Доктора я видел накануне, когда с конфетами. Атлет древнегреческий. Дорифор с копьем немалым. Только ростом повыше, и в прикиде московском. Глаза миндалевидные, изящные небольшие ладони, полированные ногти. Одеколон не наш. Умен, интеллигентен. Доброжелателен (почему бы и нет?). Шутил, правда, несколько тяжеловато. Откланялся – руку мне пожал. Походкой лаун-теннисиста удалился. Улыбаясь: спиной – мне, лицом – миру, солнцу.
Жить теперь раздавленным тараканом.
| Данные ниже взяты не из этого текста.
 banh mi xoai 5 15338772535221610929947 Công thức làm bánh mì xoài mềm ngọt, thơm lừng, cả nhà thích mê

Вспоминать. Ионическую бородку с рыжинкой и светскую улыбочку – столичную в провинции… В Скифии у Борисфена?
«Нимфа, дефлорируемая Идуменеем». Мастерская Фидия и учеников – предположительно. Пластическое богатство, исключительная выразительность и динамика. Музей моей памяти.
Сосны стоят, тишина. Над городом все то же рыжеватое светится, а над головой черным-черно.
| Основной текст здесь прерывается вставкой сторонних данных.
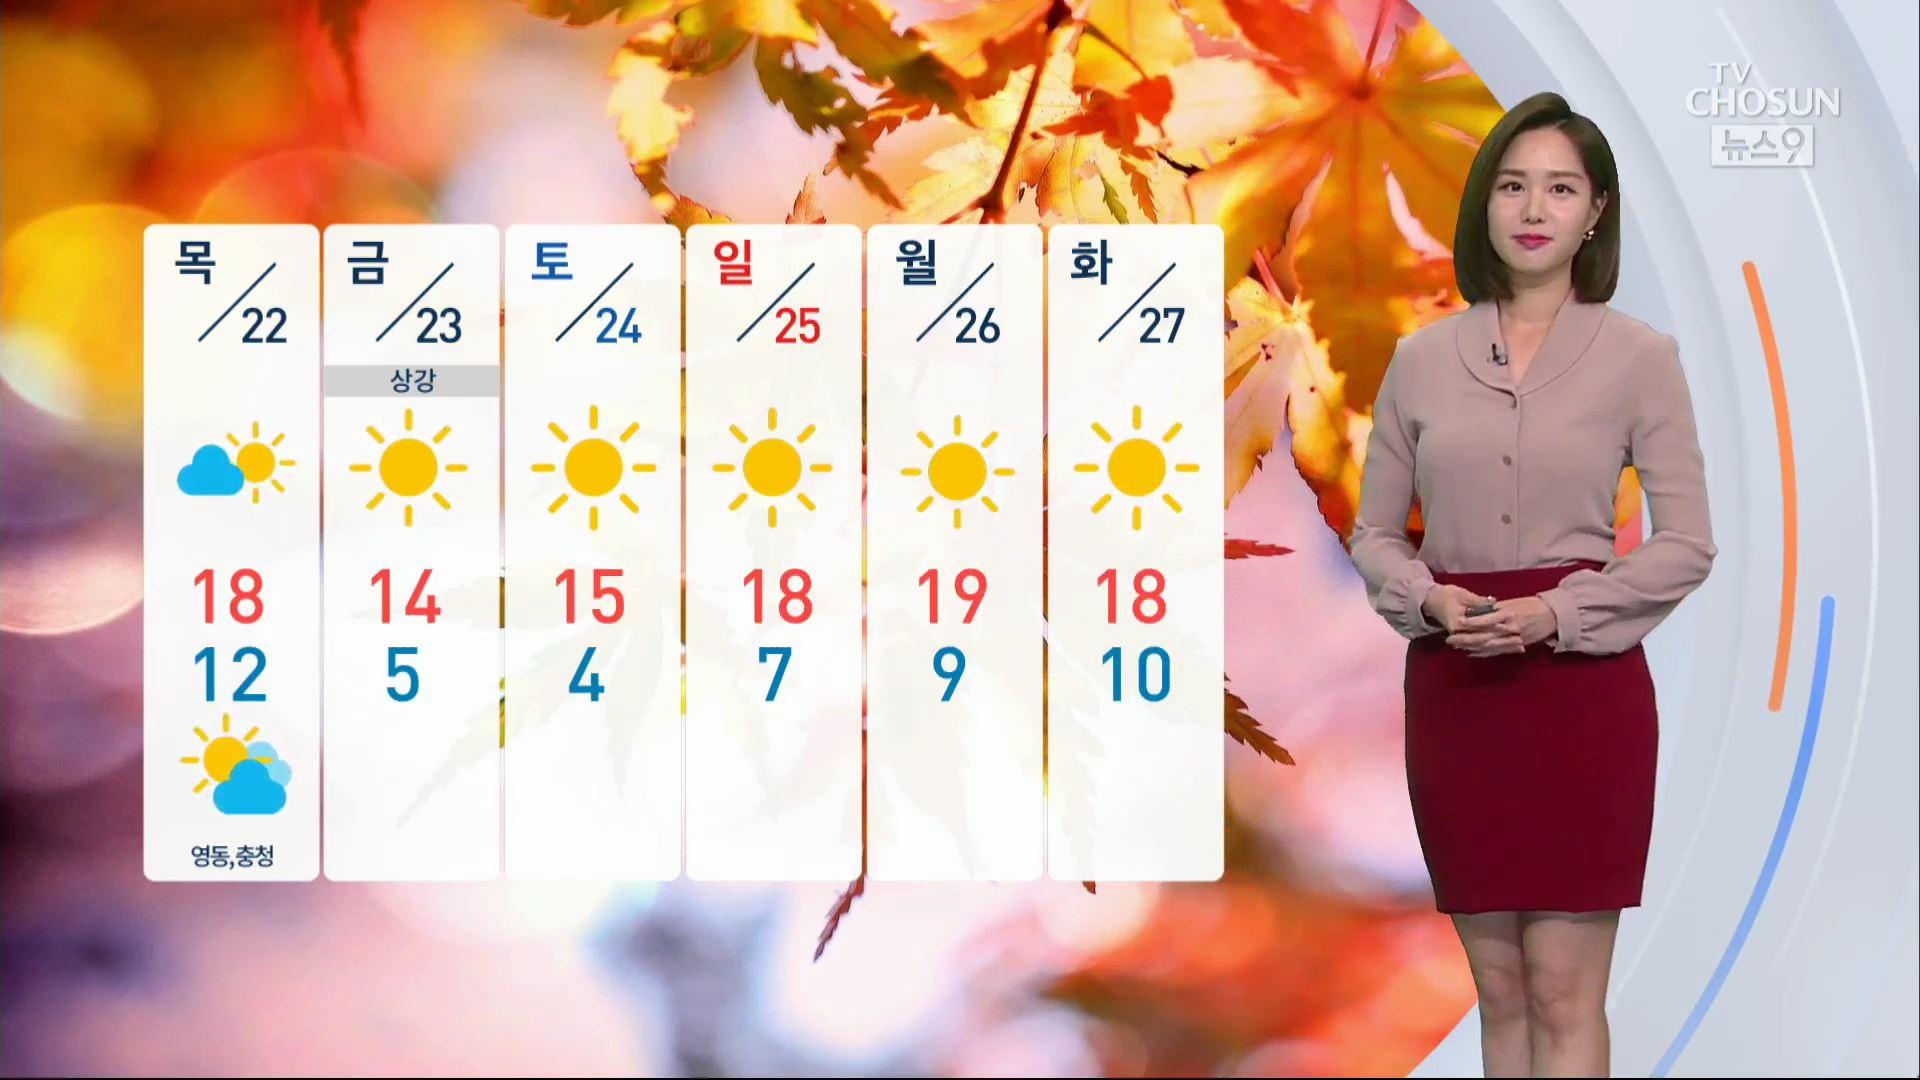 [날씨] 미세먼지 다시 기승…주 후반부턴 부쩍 추워져요

Что-то думалось в ту пору, а что – напрочь забыл. Должно быть, самое обыкновенное: а нельзя ли… а может… а что если… Каким-то неизвестным доселе образом пришло: главное – дотянуть до утра. Я так решил, я это избрал – дотянуть. Войти в квартиру, отчужденную отныне, чужим. А там – будь что будет. Когда доктор, галантно раскланявшись и пообещав приветы несуществующим знакомым, останется навсегда – во мне! Как в ней тот, которого за воротник через двор и ногами, ногами – кто куда достал. А соседка Нина Эдуардовна в волосья ему, клок выдрала и ходила всем показывала: вот, они, гады какие бывают!
Красавец-караим, помнится, на свадьбу, прибыл. Как и планировал, с ковром – на Дальнем Востоке по разнарядке давали, кто на золоте… В овощи он влюбился, в баклажаны соленые да помидоры зеленые в банках. Изрубит все столовым, луку туда, и жрал с постным маслом. Про Сирано де Бержерака рассказывал, биографию и вообще. У них на прииске библиотека была, а в кабине – сервоуправление! Техника вся японская, допуск не каждому – так-то вот.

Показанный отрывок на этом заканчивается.